FINO was to create a platform to facilitate "technology-enabled financial inclusion," claims Rajiv Sabharwal, ICICI Bank executive director. But implicit objective was money-spinning. Which was why it roped in investors like including ICICI Bank (19 p.c. stake ), Intel Capital and IFC (15 p.c each ), Life Insurance Corporation (8 p.c. ) and public sector banks (22 p.c. together). It had never addressed the economically weaker sections which are under the yoke of usurers.

The international jamboree of micro-finance organisatiuons – the Global Microcredit Summit –is scheduled to take place 2011 in Valladolid, Spain between 10 and 17 November next year. Over 2000 delegates from 100 countries are expected to attend and deliberate there. Sam Daley-Harris, chief of national host committee in Span set out the motto of the summit. “When Prof. Yunus lent a grand total of US$27 to 42 desperately poor Bangladeshis in 1976, it turned out to be much more than just an economic transaction. One of the 42 borrowers was Sufia Khatum, a stool maker who struggled to survive on 2 cents a day. That was all that was left after she borrowed money from the money-lender to buy the bamboo to make her stools and then sold the finished product back to the money-lend at a price he set. The price he set barely covered the cost of the bamboo. Her profit each day—just two cents. As Prof. Yunus has said, he was ashamed to live in a country where people could work so hard and only make 2 cents a day.

But with her loan of less that US$1 from Prof. Yunus, Sufia Khatum was able to pay off the money lender, buy her raw materials, make her stools, and then sell the stools to the highest bidder. Her profit soared 60 fold, from 2 cents a day to $1.25 a day. Prof. Yunus talks about how surprised he was that such a small amount of money could make 42 desperately poor people so very happy. It freed them from the money-lender. It freed them from debt bondage. And I would add it unleashed the human spirit. It is not only a story of economic transformation but of spiritual transformation. This is the story we must tell and must contrast with those going down the profit maximizing fork in the road.”

Does FINO or SKS have even the semblance of this commitment. Absolutely no. There are valid criticisms against Grameen Bank model.
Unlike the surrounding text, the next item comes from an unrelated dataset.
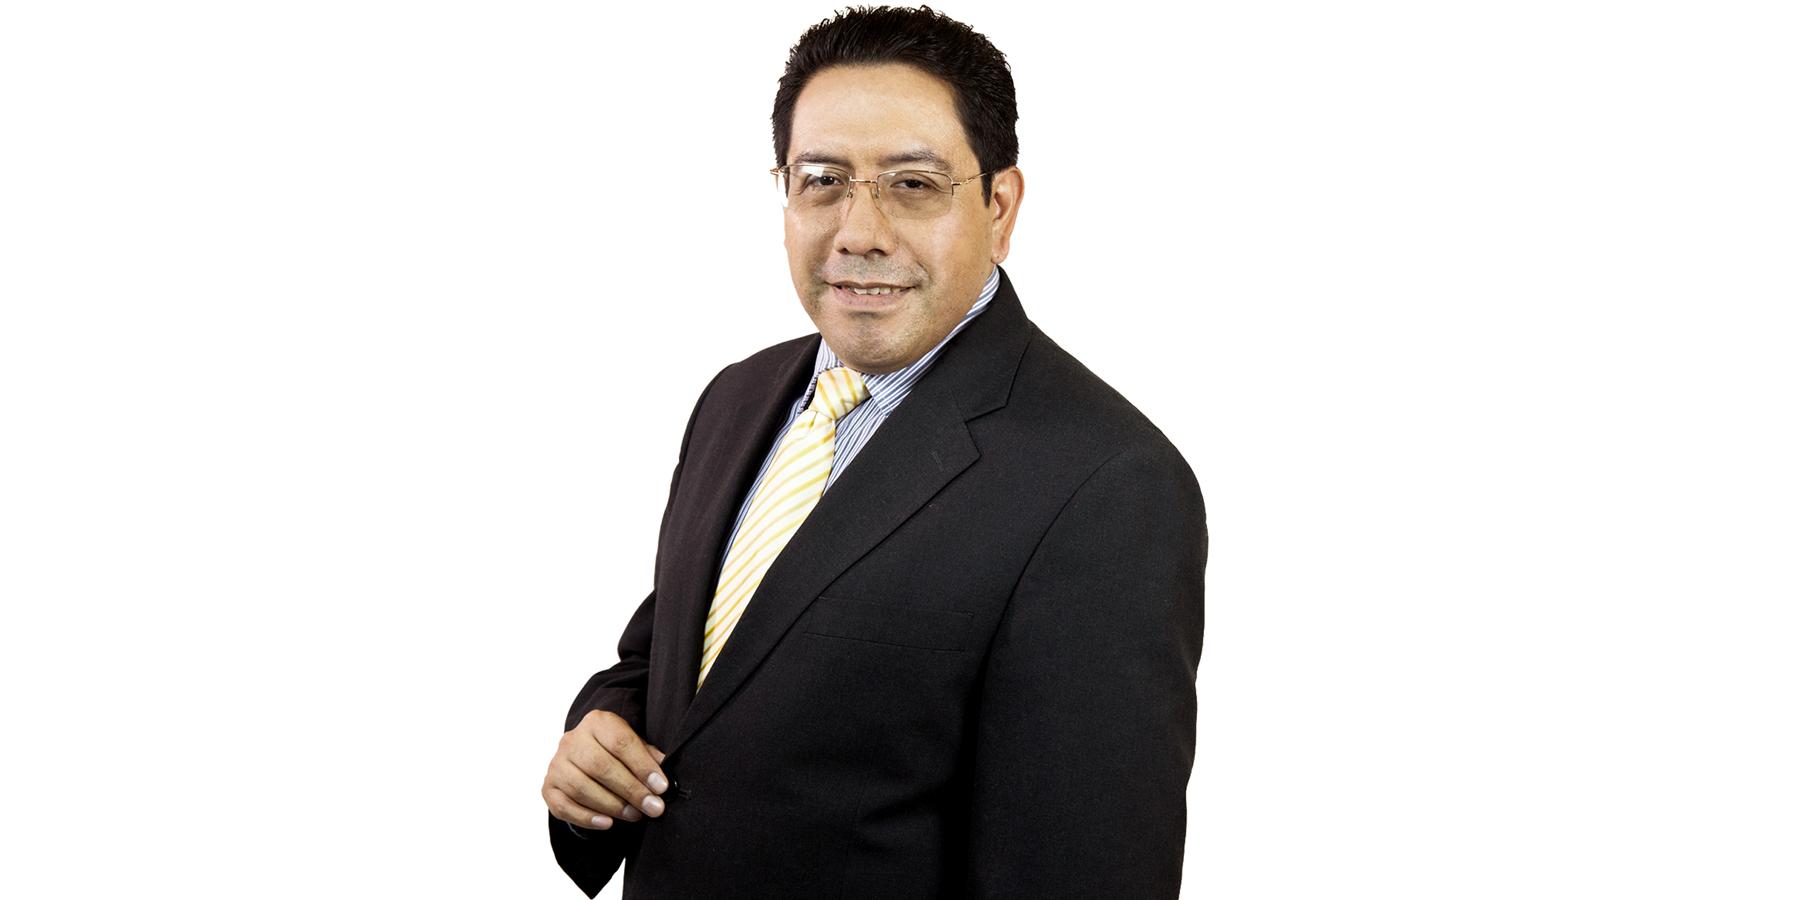 Lic. Alberto Antonio Rangel Huacuz

One of them is that it appears to offer a capitalist answer to development without asking for increased aid. Another criticism is that microfinance’s inaccessibility to people below the poverty line. But there are some positive elements as well. Some 67 p.c of its deposits belong to women who were benefited by substantial financial empowerment. On the other hand, the model that dominates in India is stripped of welfare objectives. It has been hijacked by profiteers.

Nonetheless. there are really micro-experiments operating in southern Bengal and western parts of India. The interest rate is within 20 p.c, much below the usurious 120 p.c. which thrives on political backing. Kolkata-based Durbar Mahila Samanway Samiti, an NGO working among sex-workers and their offprings, runs a successful micro-finance scheme, USHA, a cooperative of 7000-plus sex-workers.It transacts Rs eight crores a year and got award from the state cooperative department.

There is no room for pessimism. But the path is tough and meandering.